Medical Observer: How much would the cost of an injection consistency evaluation be? qi Zhengwei,
: Statistics show that from January 2018 to October 2019, 61% of 65 oral preparations (excluding adoption) cost between 5 million and 10 million yuan. Compared with oral dosage form, the test cycle is shorter, the pharmaceutical test is mainly, the cost is relatively low, so the average injection consistency evaluation cost is about 3 million - 4 million yuan. However, special dosage forms (lipids, venous milk, microspheres, mixed suspension injections) also need to be BE trials / clinical trials, to be completed in about 2 years, the modified dosage form also needs to be re-made clinical trials. The cost of this kind of injection consistency evaluation is likely to be more than 10 million yuan.
Tu Honggang: the domestic institutions can undertake and carry out consistency evaluation is too few, which directly led to the previous oral solid preparation consistency evaluation price has reached 8 million - 10 million yuan. The key key points of injection consistency evaluation are the prescription process, primary auxiliary package quality control, and preparation quality research and control technology, which focus on safety. At present, the market single-species injection consistency evaluation costs from about 3 million yuan, some complex varieties are estimated to be more than 10 million yuan!
Shi Lichen: the consistency evaluation of oral solid sissic preparations has passed 10 million, so if the BE trial clinical research institutions are too few, the injection consistency evaluation price will be more than 10 million yuan.
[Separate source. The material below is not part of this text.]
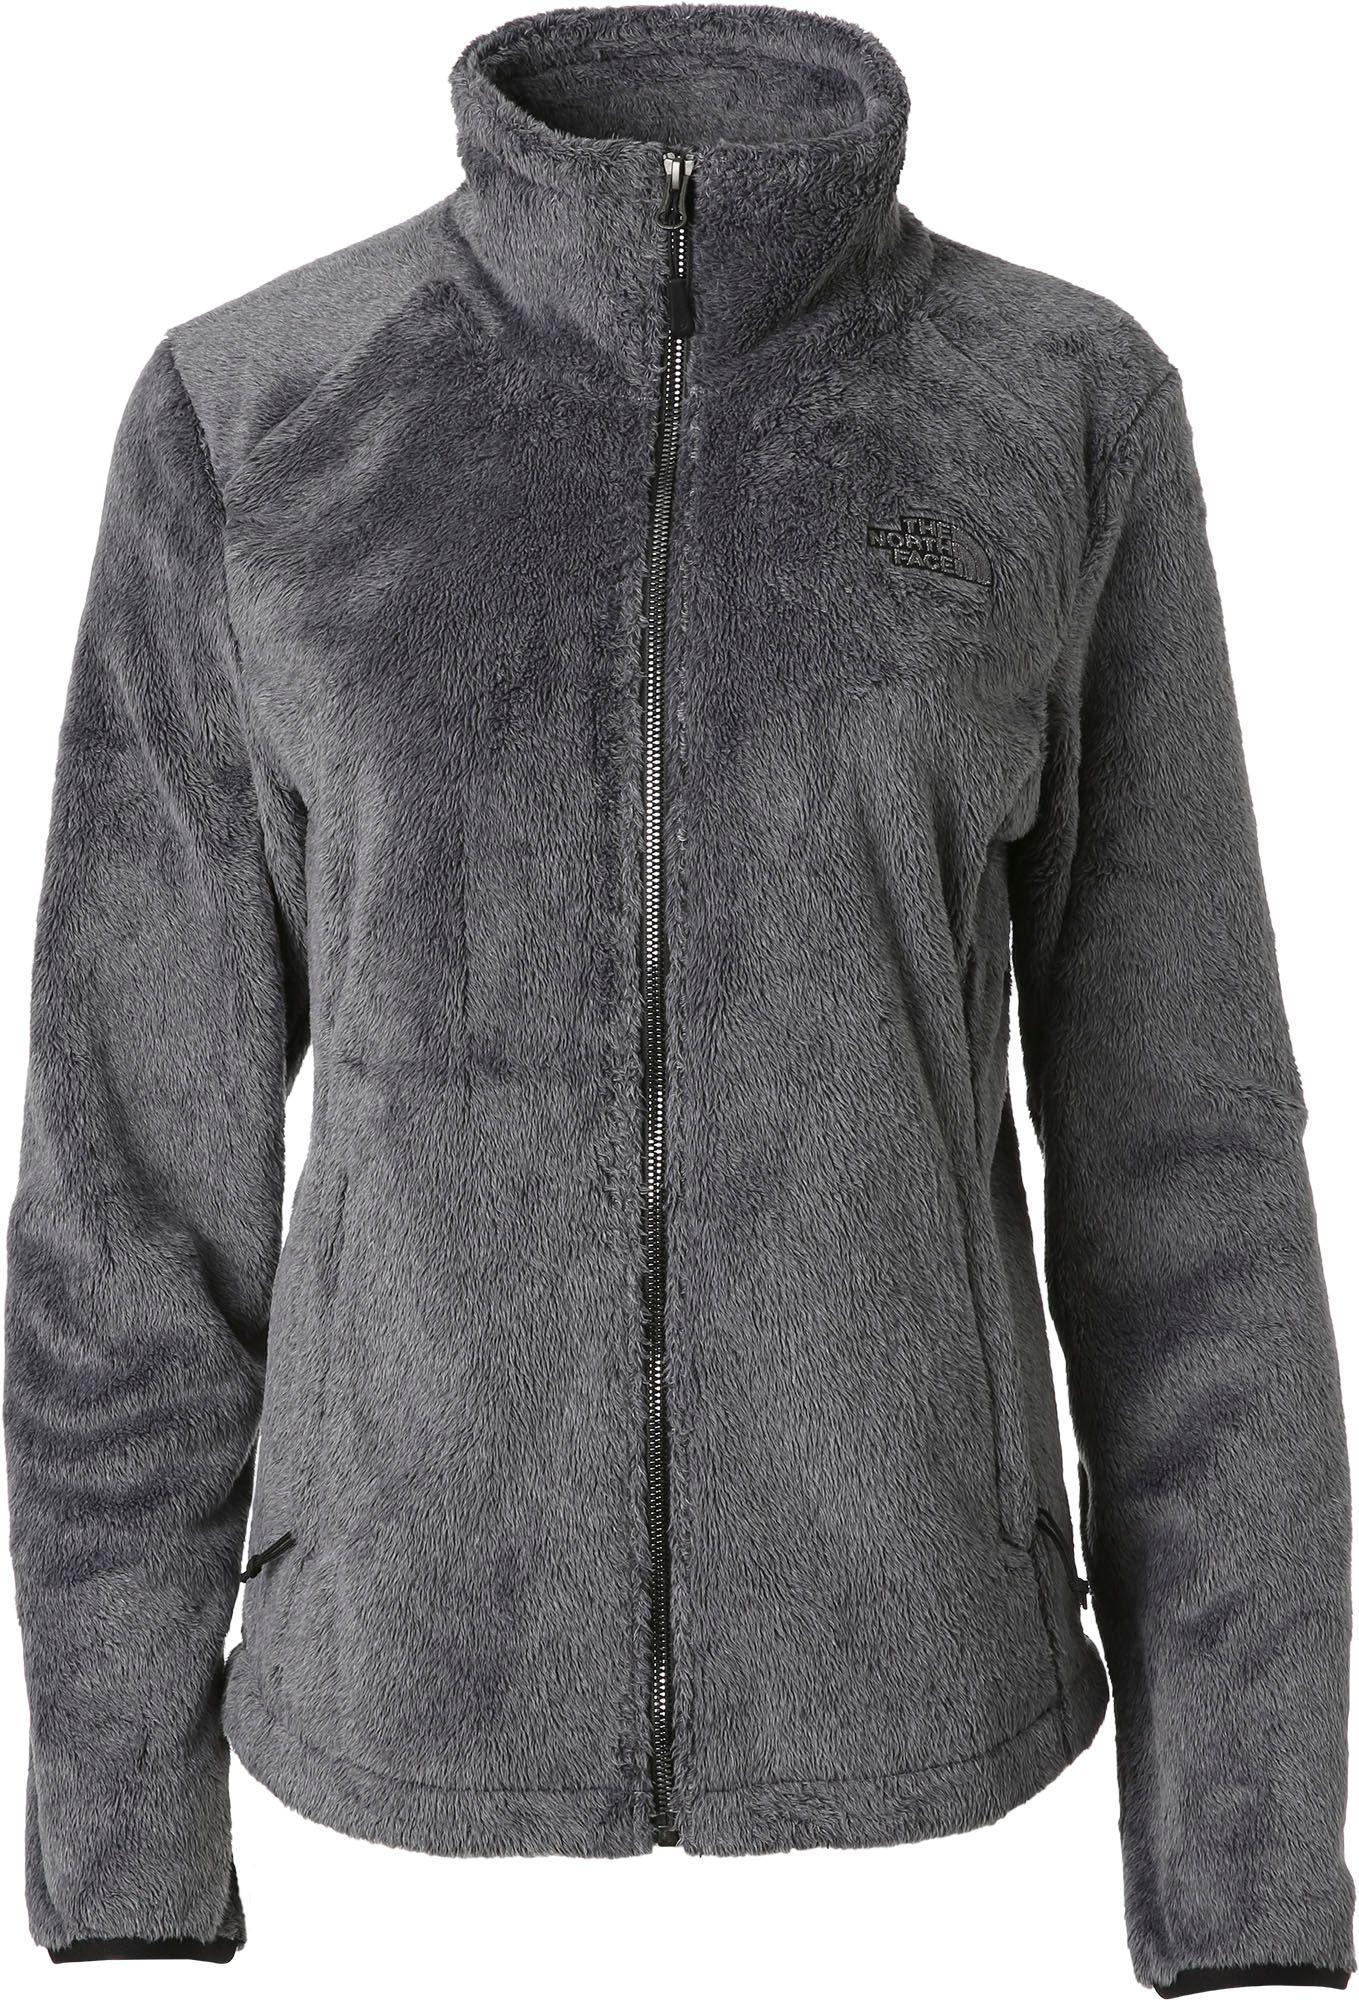 The north face osito 2 fleece jacket black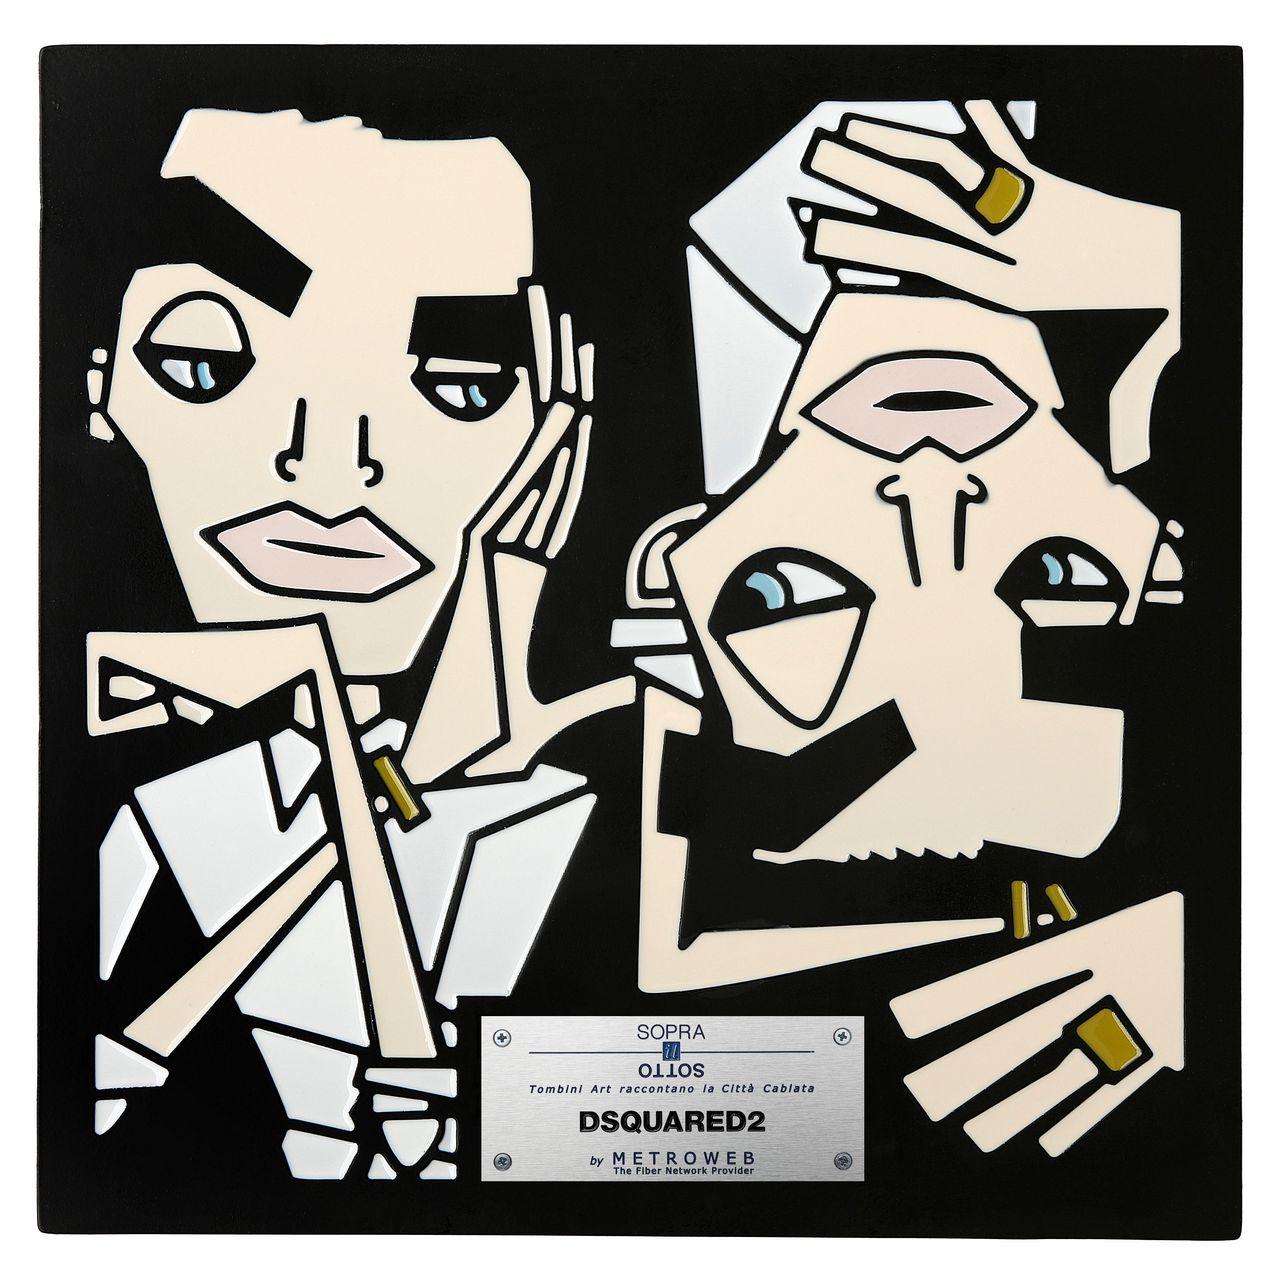 tombino art DSquared2, ph Sergio Caminata

Moreover, China's injections are actually concentrated in large enterprises, large enterprises have money, then we will spell the price!
Guo Xinfeng: Injections because of the api, batch size, impurities, the cost of the cost between 3 million to 30 million, including CRO pharmacy or clinical research costs, as well as raw materials, accessories and package research costs.
Pharmaceutical Observer: Will more injections be included in the next batch of tape purchases? Which varieties will be the first to enter?
Tu Honggang: According to the rules, high sales, large market range and has passed the consistency evaluation of the injection, it is very likely to be included in the collection range. Data from the Emmett sample public hospital show that 2019 has passed a consistency evaluation, and the injection sales in the not-in-the-country range of TOP10 are moxisacs, dositas, Idalafon, ampichimolo, iodide, calcium of naloxin, dosocho, pyrethroids, heparin sodium, ketone saccharinol, so these varieties are expected to be included in the collection. In addition, there are currently 153 injection varieties have been submitted by enterprises consistency evaluation supplement applications, including hydrochloric acid ammonia bromine injection, injection of cephalosporine sodium, injection of omeprazole sodium, injection of parisibdiazepine, injection of cephalosporine and other large varieties may be the first to be included in the collection.
Qi Zhengwei: divided into two cases, one is the national version of the volume of procurement, according to the evaluation of the number of injection manufacturers constitute a competition.